First-principles design of highly active and durable Ti55Cx@Pt92 nanocatalyst for oxygen reduction reaction through charge control at nanointerfaces

Although the oxygen reduction reaction plays a key role in various chemical industries, its high kinetic barrier is a long-standing issue. The design of alternatives to Pt catalysts is in high demand owing to the material per-formance, durability, and cost-effectiveness. Here, we demonstrate that core-shell Ti55Cx@Pt92 nanoclusters are promising for substantial activation energy reduction as well as enhanced electrochemical stability in the oxygen reduction reaction.

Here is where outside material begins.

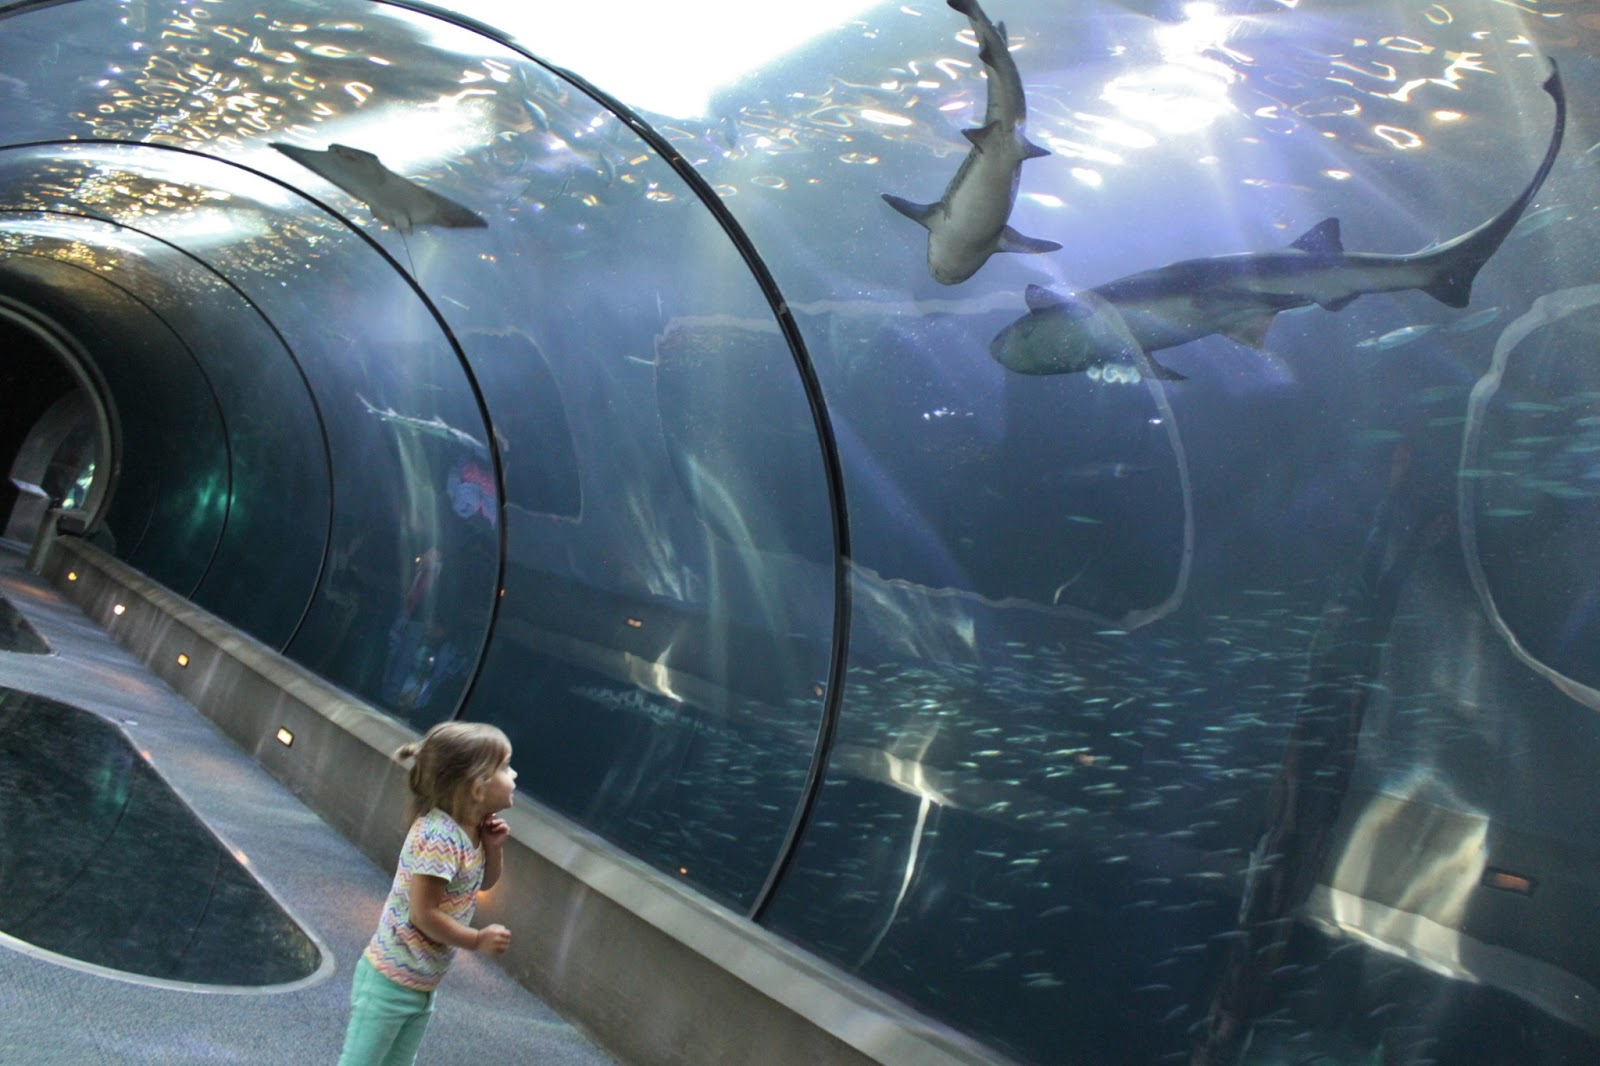 graphic regarding Newport Aquarium Coupons Printable referred to as Discount codes for oregon coastline aquarium - Tesco specials weekend breaks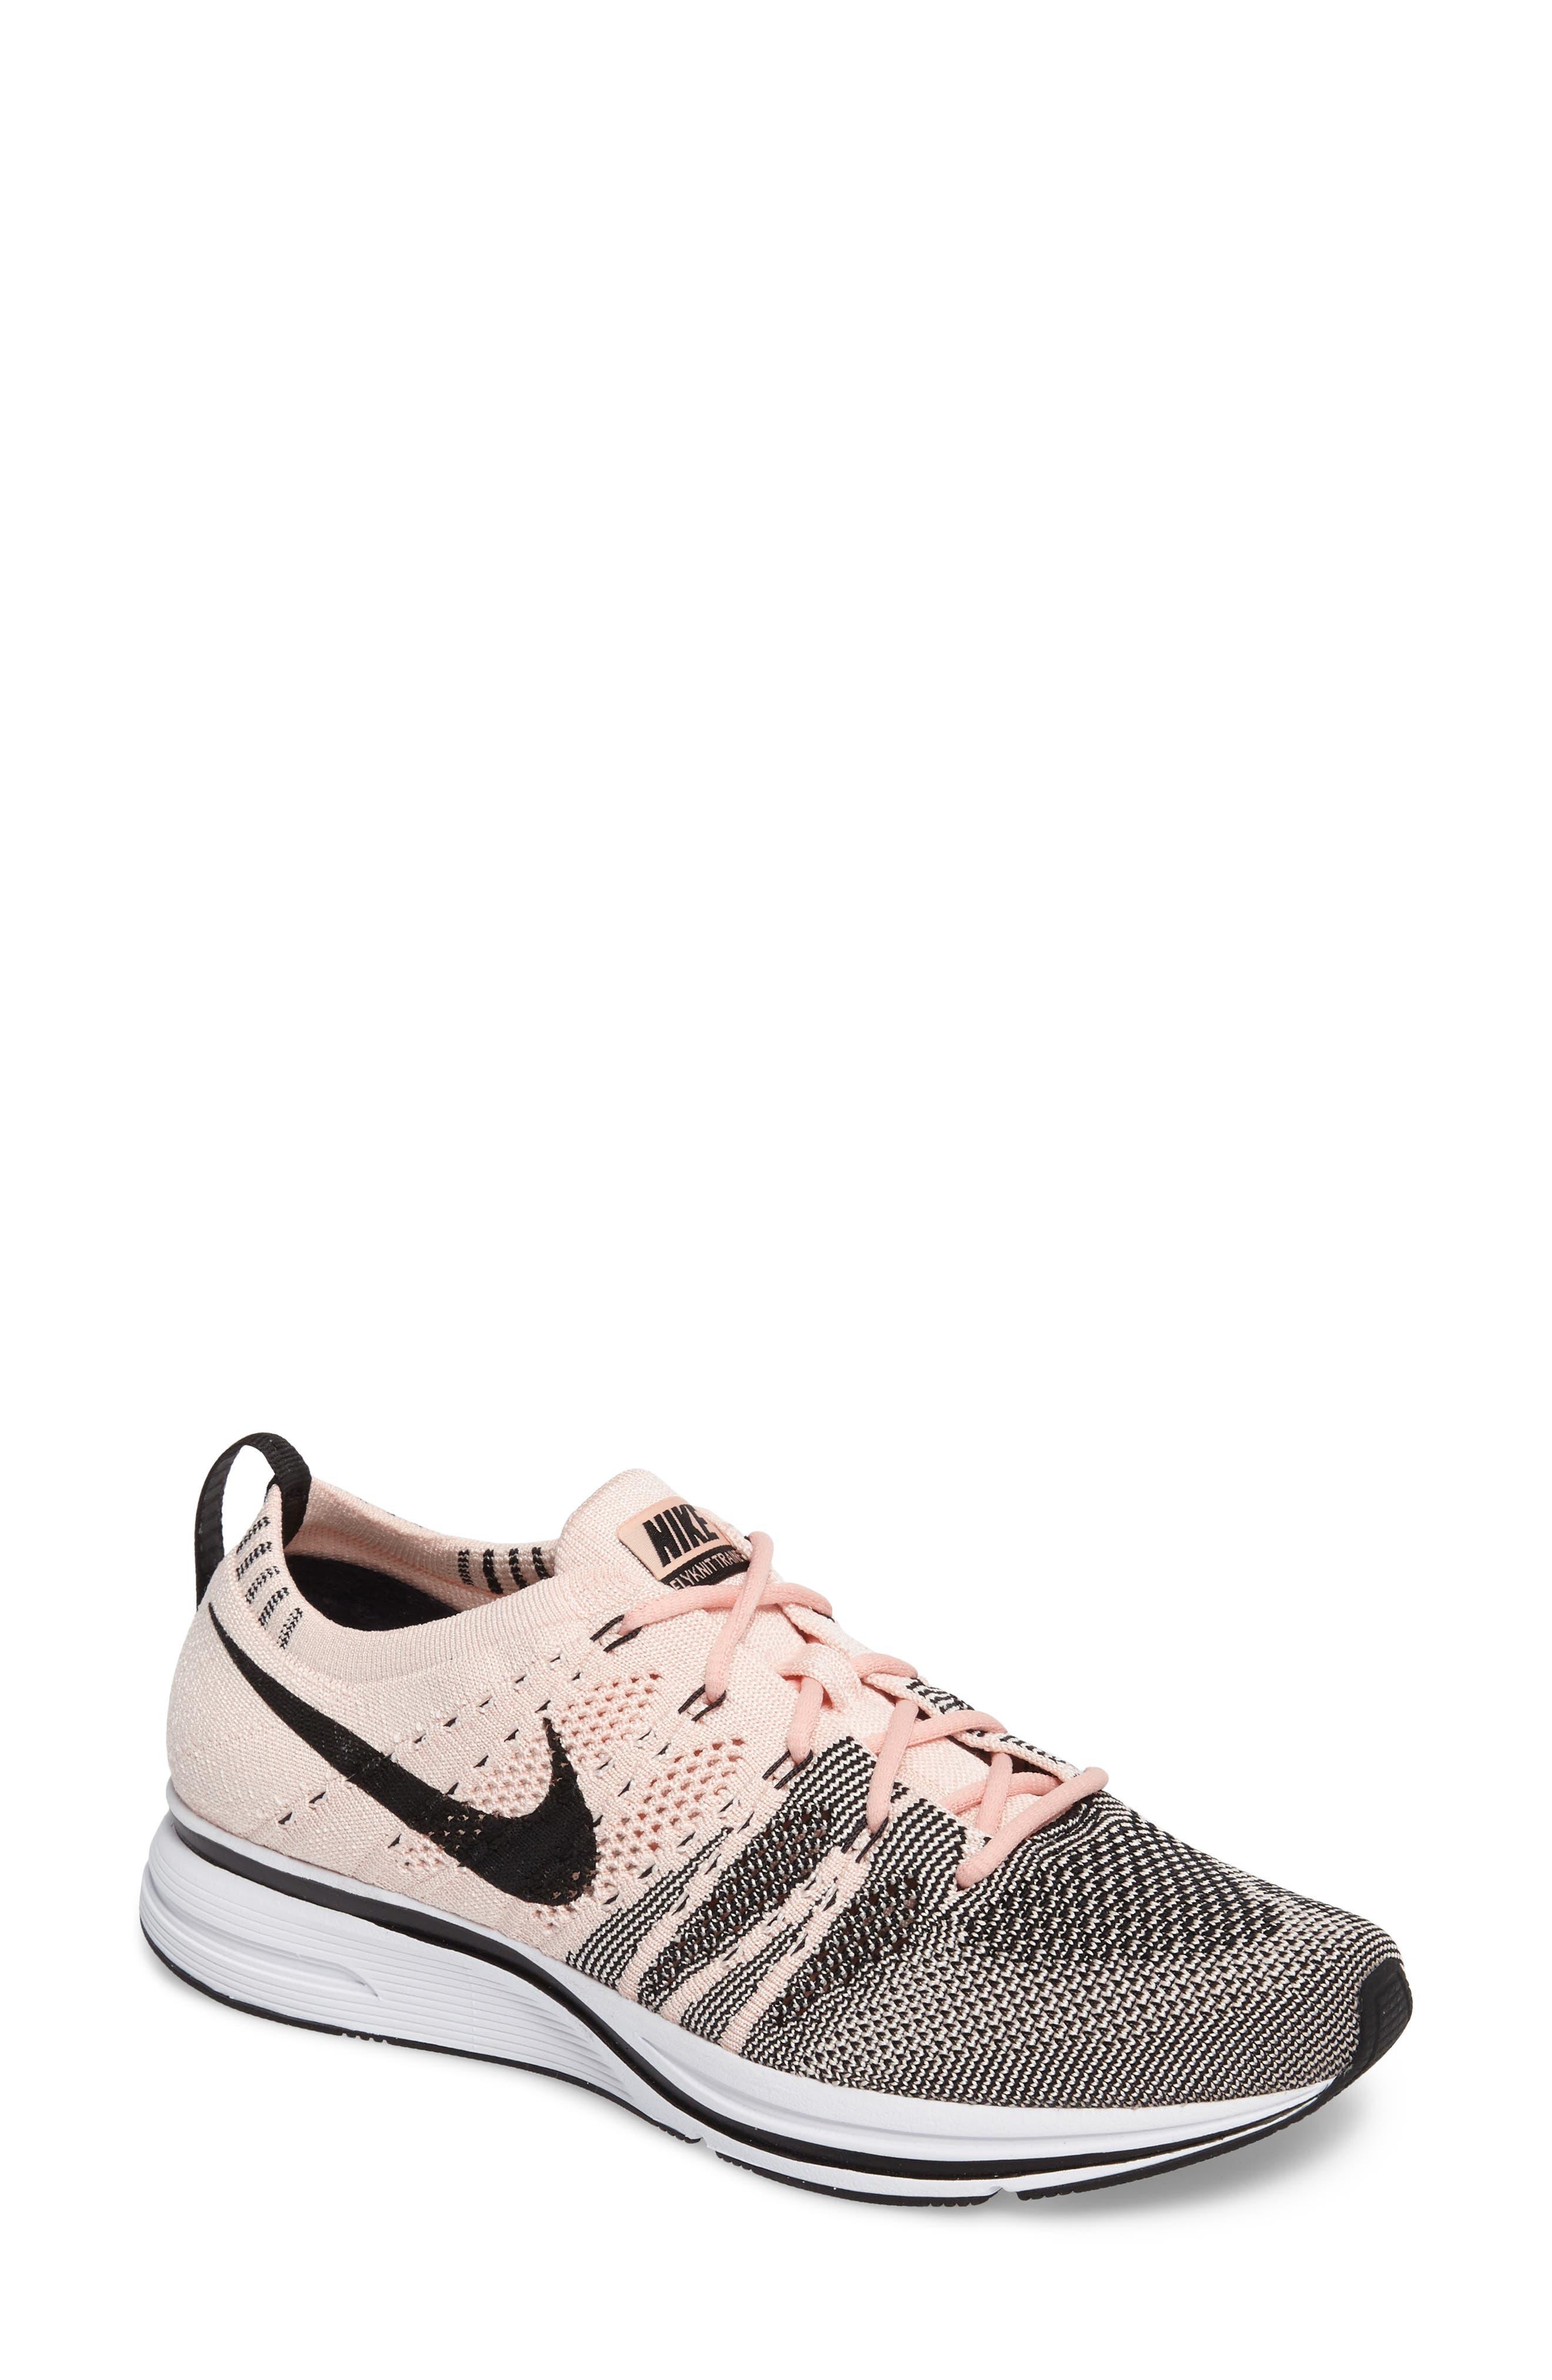 NikeLab Flyknit Trainer Sneaker,                         Main,                         color, Sunset Tint/Black-White

The transition metal carbide core compounds facilitate the activity of Pt shells with better durability than pure Pt nanoclusters via the hybridization of Pt-5d and Ti-3d. Quantum mechanical high-throughput screening enabled us to identify Ti55C44@Pt92 as a promising nanocatalyst with a significantly lower overpotential (0.37 V) than pure Pt147 (0.46 V) of approximately the same size. Using first-principles calculations, we located the underlying mechanism at a favorable charge distribution at the nanoscale in-terfaces between the core and shell, which cannot be described solely by the conventional model between the activity and electronic structure. Furthermore, the composition of carbon elements in the core was revealed as an important descriptor. Our results provide design principles based on rigorous structure-performance correlation in the nanoscale regime for electrocatalysts with high activity and long-term durability toward a specific target.